EXERCISE BRIEF>
Directions for the data below: repeat exactly the lines from the one with "Cartier Pasha Gold-Plated" through the one with "10-Christmas-table-setting-ideas-pink-green-lily-sawyer-photo", both included, and omit all pictures.

LISTED ENTRIES>
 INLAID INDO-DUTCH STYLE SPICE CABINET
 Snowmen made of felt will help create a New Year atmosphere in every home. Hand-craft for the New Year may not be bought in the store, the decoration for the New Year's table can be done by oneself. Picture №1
* * *
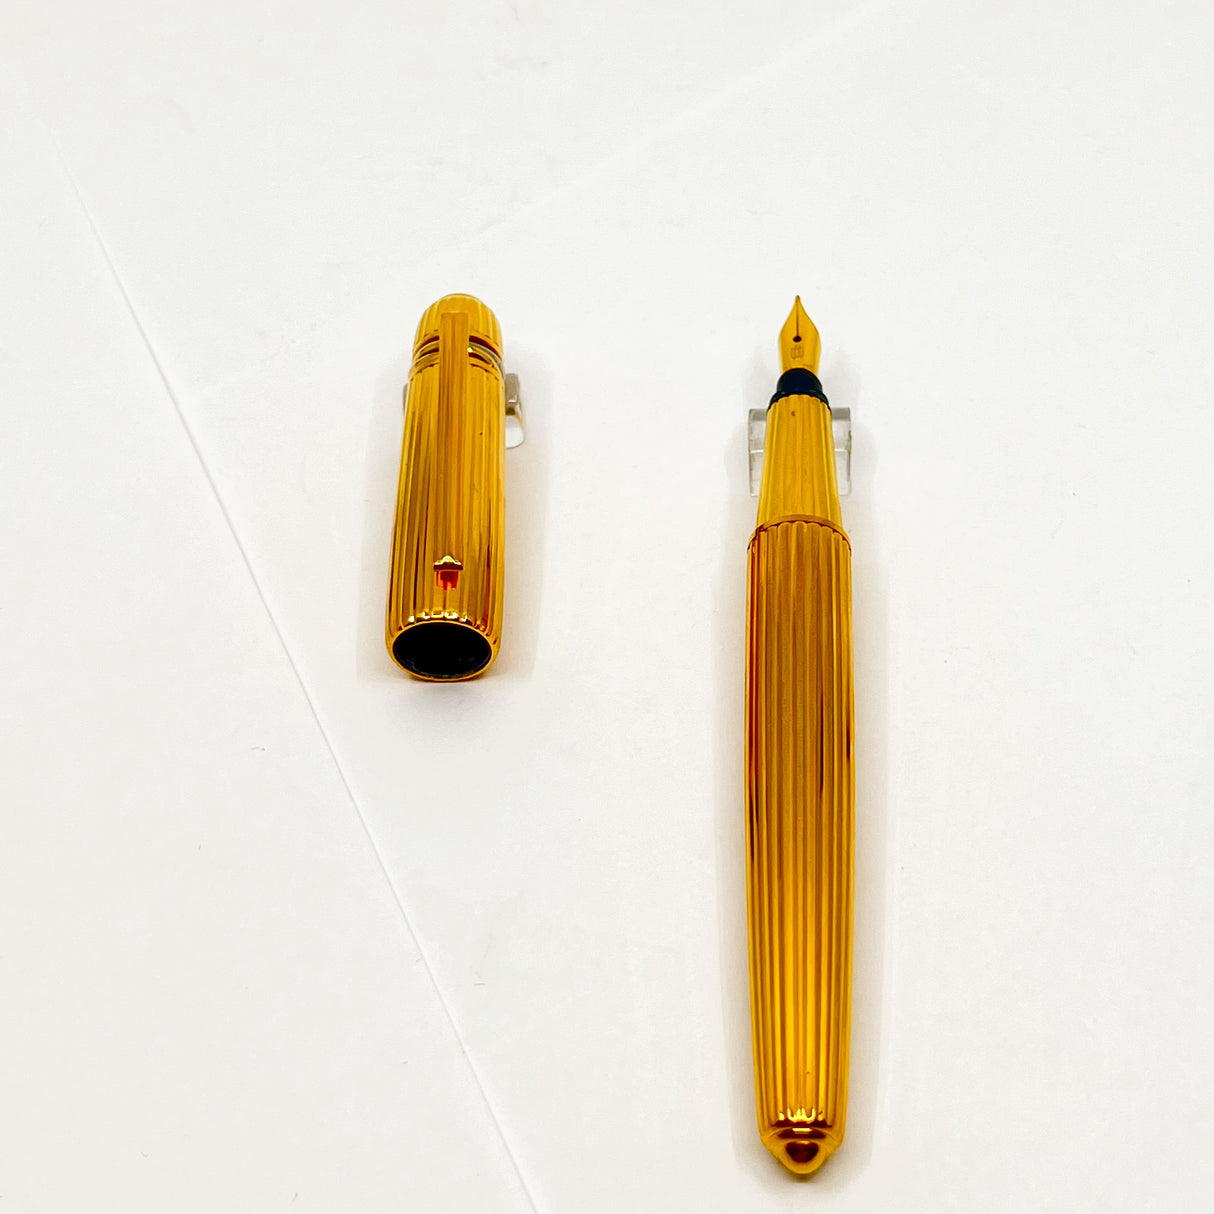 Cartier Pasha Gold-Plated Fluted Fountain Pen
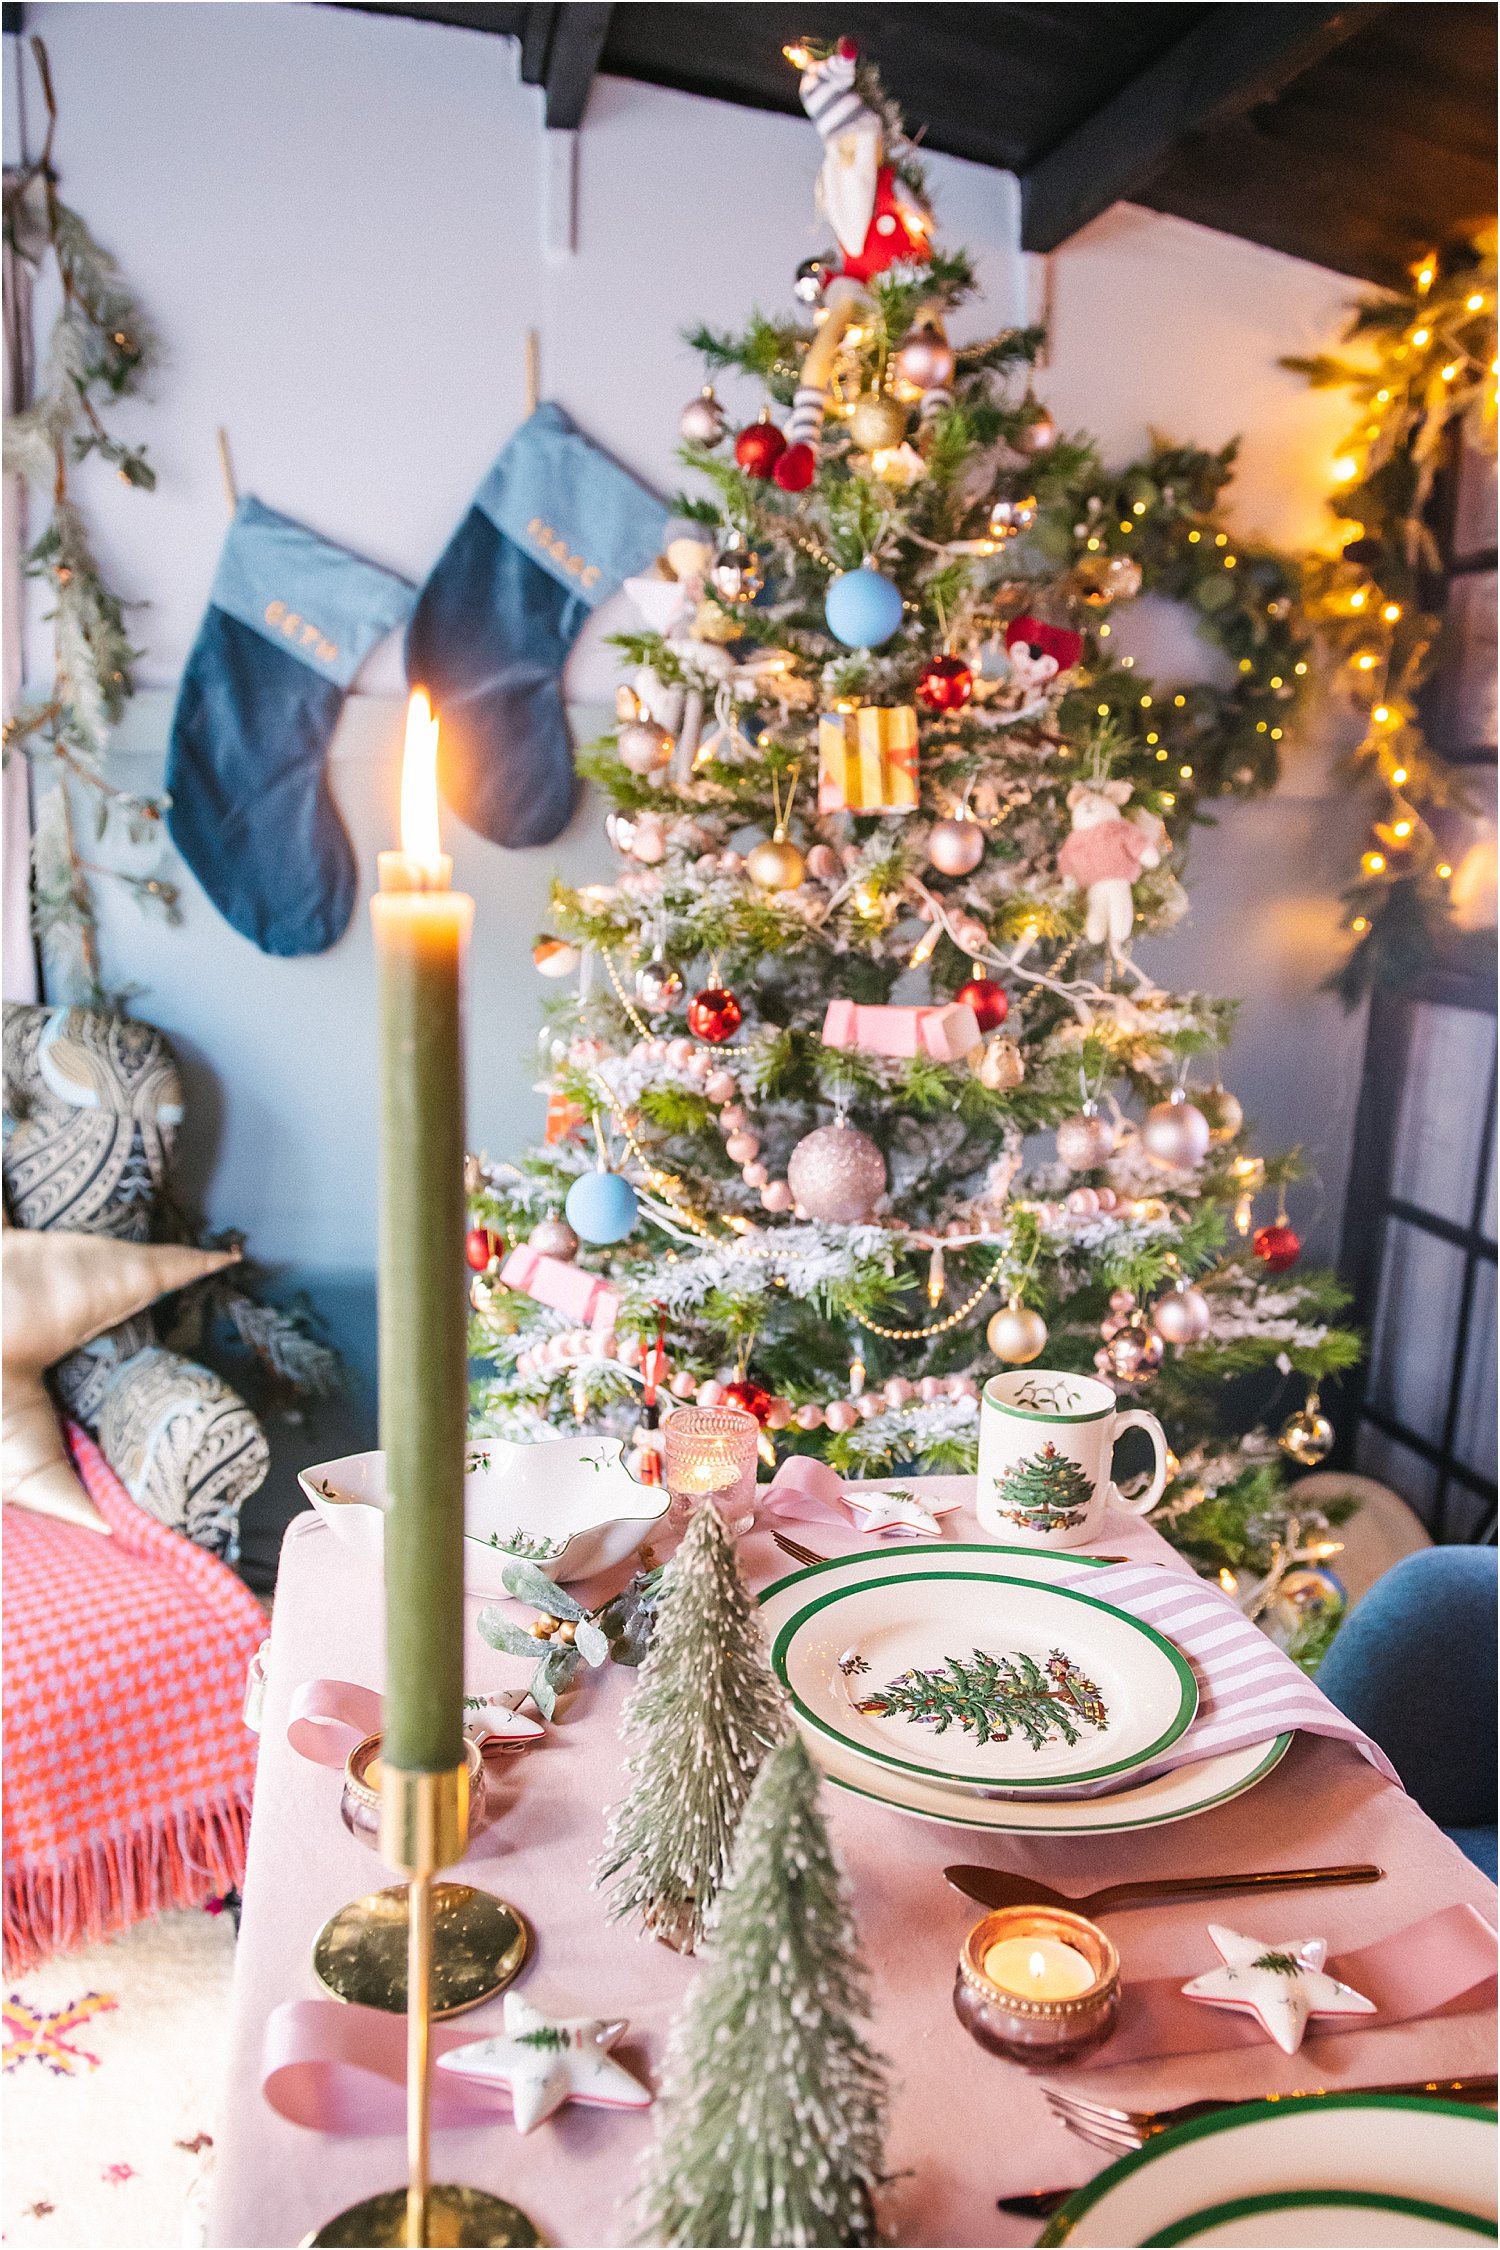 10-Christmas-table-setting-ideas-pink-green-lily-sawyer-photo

EXPECTED ANSWER>
 Cartier Pasha Gold-Plated Fluted Fountain Pen
 10-Christmas-table-setting-ideas-pink-green-lily-sawyer-photo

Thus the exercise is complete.